Arman Kilic et al. Ann Thorac Surg. 2021 Sep.

Abstract

Background: This study employed machine learning approaches to analyze sequences of adverse events (AEs) after left ventricular assist device (LVAD) implantation.

Methods: Data on patients implanted with the HeartWare HVAD durable LVAD were extracted from the ENDURANCE and ENDURANCE Supplemental clinical trials, with follow-up through 5 years. Major AEs included device malfunction, major bleeding, major infection, neurological dysfunction, renal dysfunction, respiratory dysfunction, and right heart failure (RHF). Time interval and transition probability analyses were performed. We created a Sankey diagram to visualize transitions between AEs. Hierarchical clustering was applied to dissimilarity matrices based on the longest common subsequence to identify clusters of patients with similar AE profiles.

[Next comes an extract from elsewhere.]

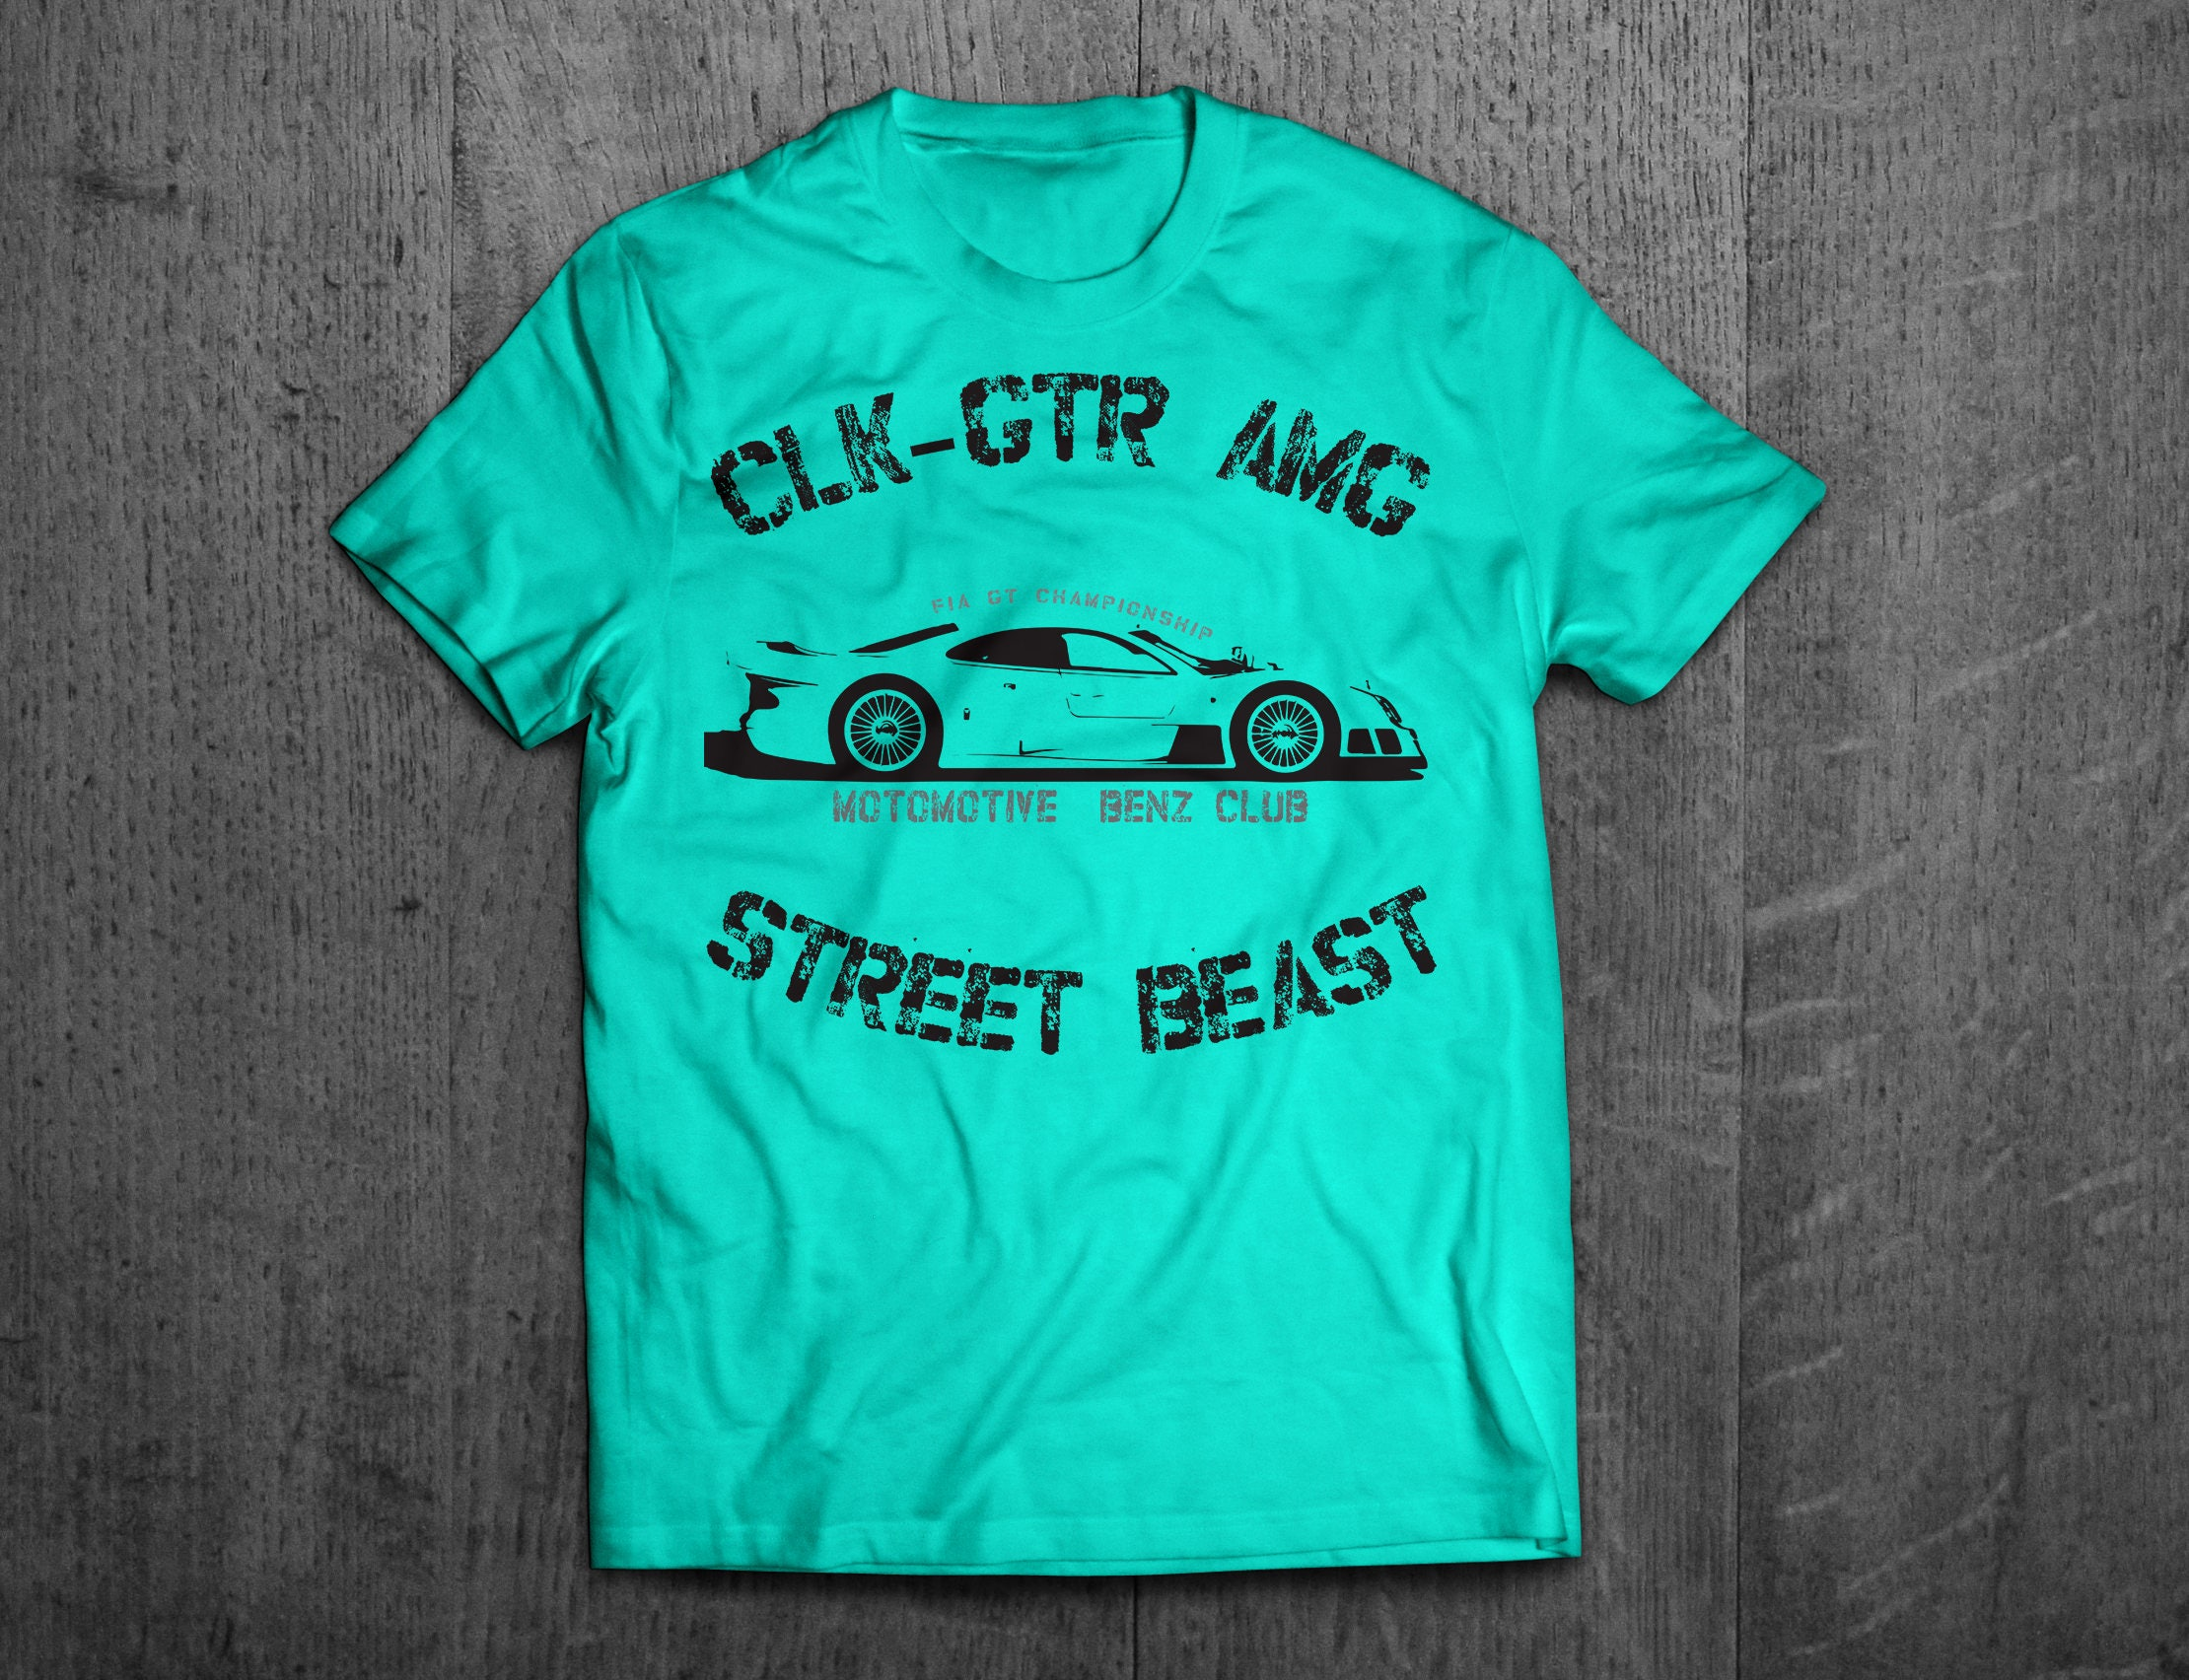 Mercedes amg shirts mercedes clk gtr t shirts cars t for Mercedes benz t shirt

Results: A total of 568 patients underwent HVAD implantation with 3590 AEs. Bleeding and RHF comprised the highest proportion of early AEs after surgery whereas infection and bleeding accounted for most AEs occurring after 3 months. The highest transition probabilities were observed with infection to infection (0.34), bleeding to bleeding (0.31), RHF to bleeding (0.31), RHF to infection (0.28), and bleeding to infection (0.26). Five distinct clusters of patients were generated, each with different patterns of time intervals between AEs, transition rates between AEs, and clinical outcomes.

Conclusions: Machine learning approaches allow for improved visualization and understanding of AE burden after LVAD implantation. Distinct patterns and relationships provide insights that may be important for quality improvement efforts.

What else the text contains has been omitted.